● **DESCRIPTION OF THE TASK**: Any picture in the data below should be skipped, while every line is repeated exactly.

● **GIVEN MATERIAL**:
-- -- --

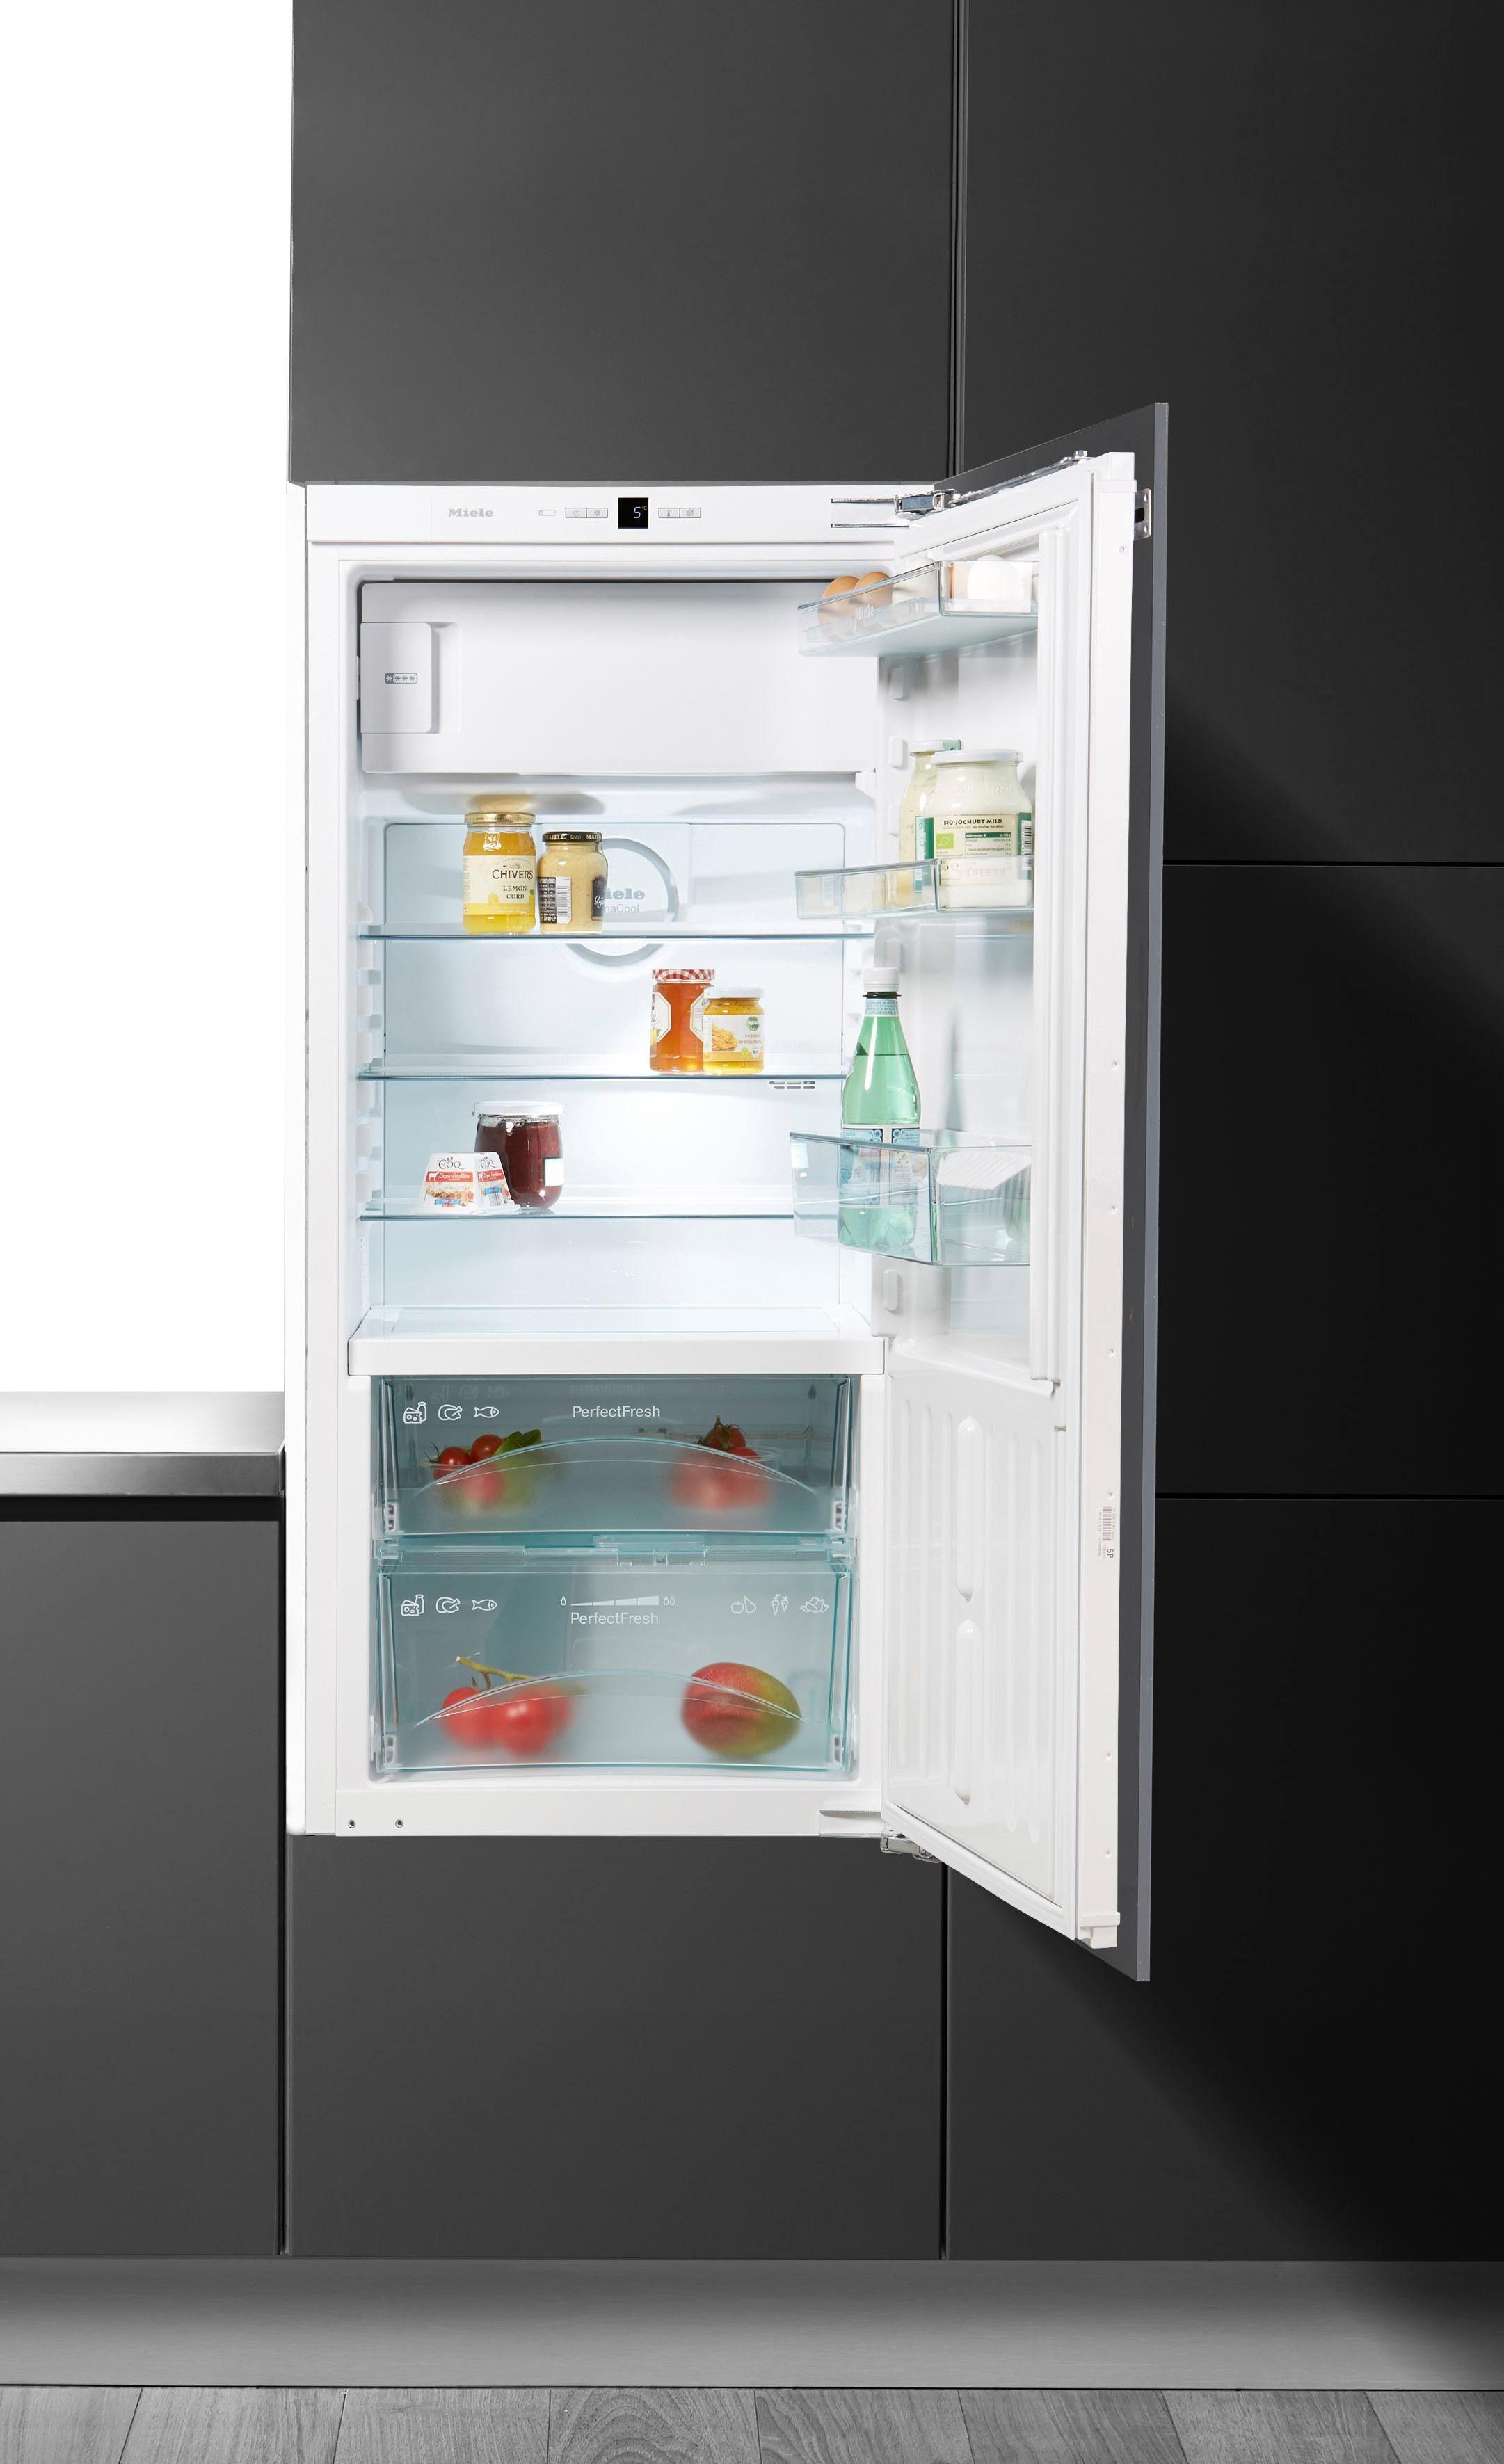 Miele Einbaukühlschrank K 34283 iDF, 121,8 cm hoch, 55,9 cm breit
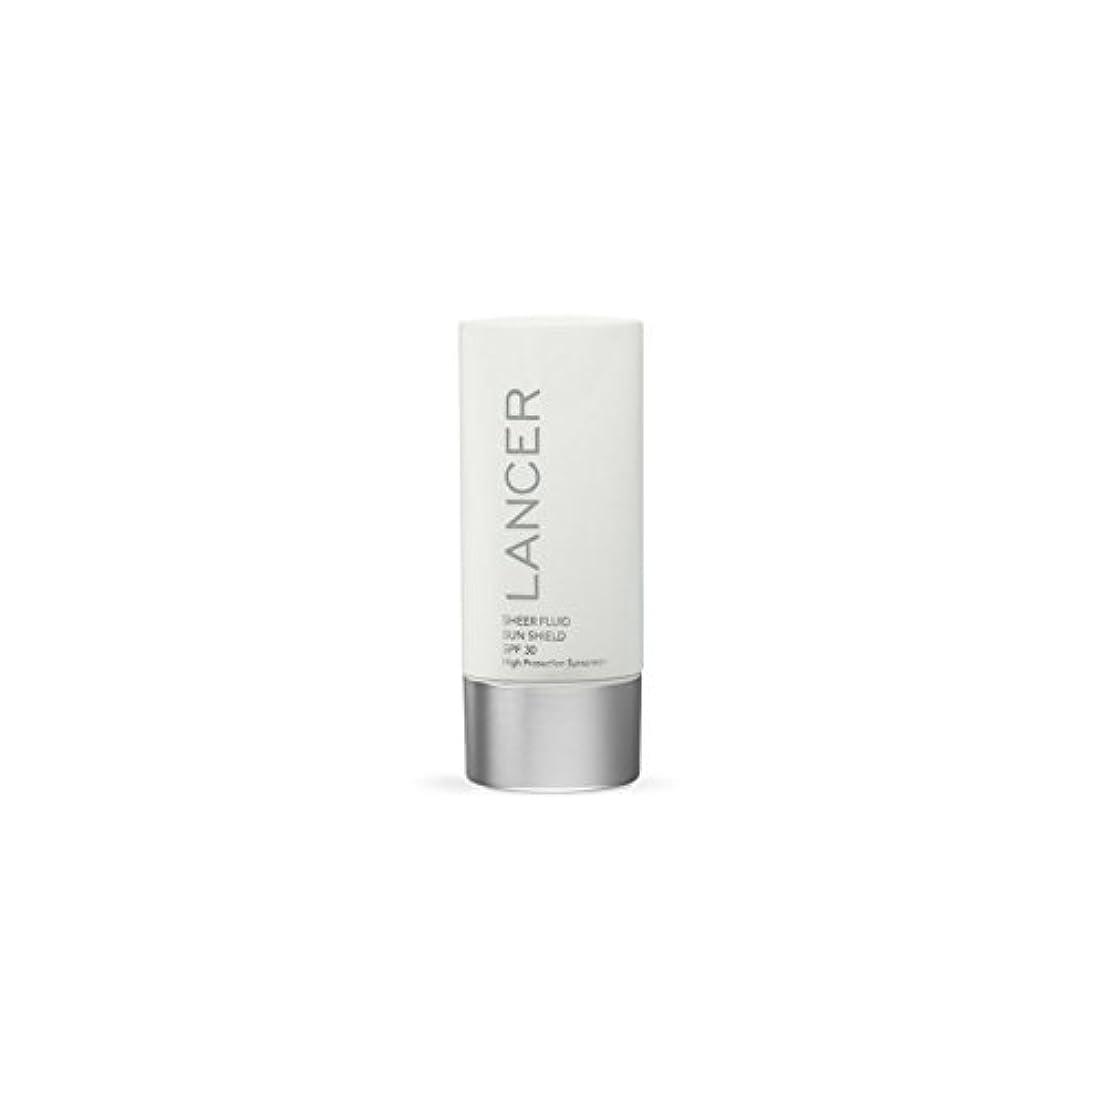 ベックス回復アクセスLancer Skincare Sheer Fluid Sun Shield Spf 30 (60ml) (Pack of 6) - ランサースキンケア切り立った流体サンシールド 30(60ミリリットル) x6 [並行輸入品]
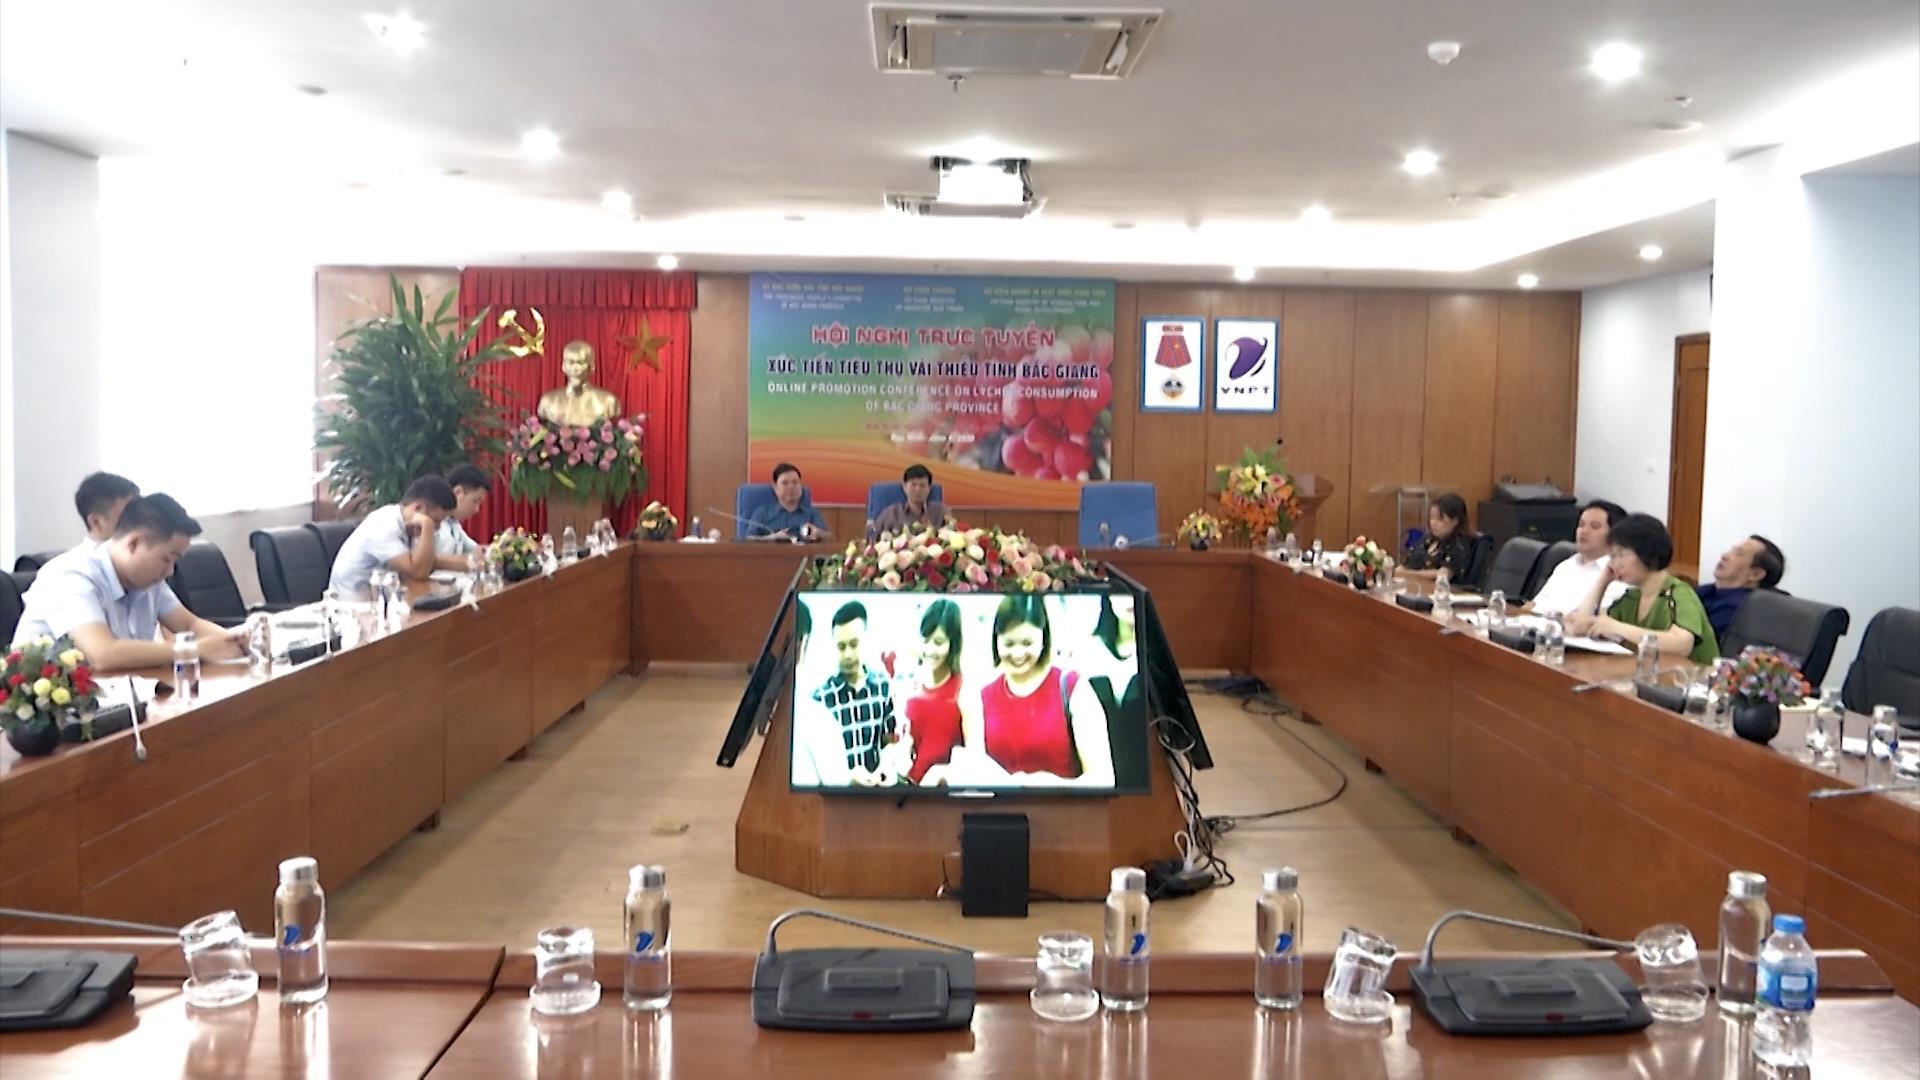 Hội nghị trực tuyến xúc tiến tiêu thụ vải thiều trong và ngoài nước

-- -- --

● **ANSWER BOX**:
 Miele Einbaukühlschrank K 34283 iDF, 121,8 cm hoch, 55,9 cm breit
 ベックス回復アクセスLancer Skincare Sheer Fluid Sun Shield Spf 30 (60ml) (Pack of 6) - ランサースキンケア切り立った流体サンシールド 30(60ミリリットル) x6 [並行輸入品]
 Hội nghị trực tuyến xúc tiến tiêu thụ vải thiều trong và ngoài nước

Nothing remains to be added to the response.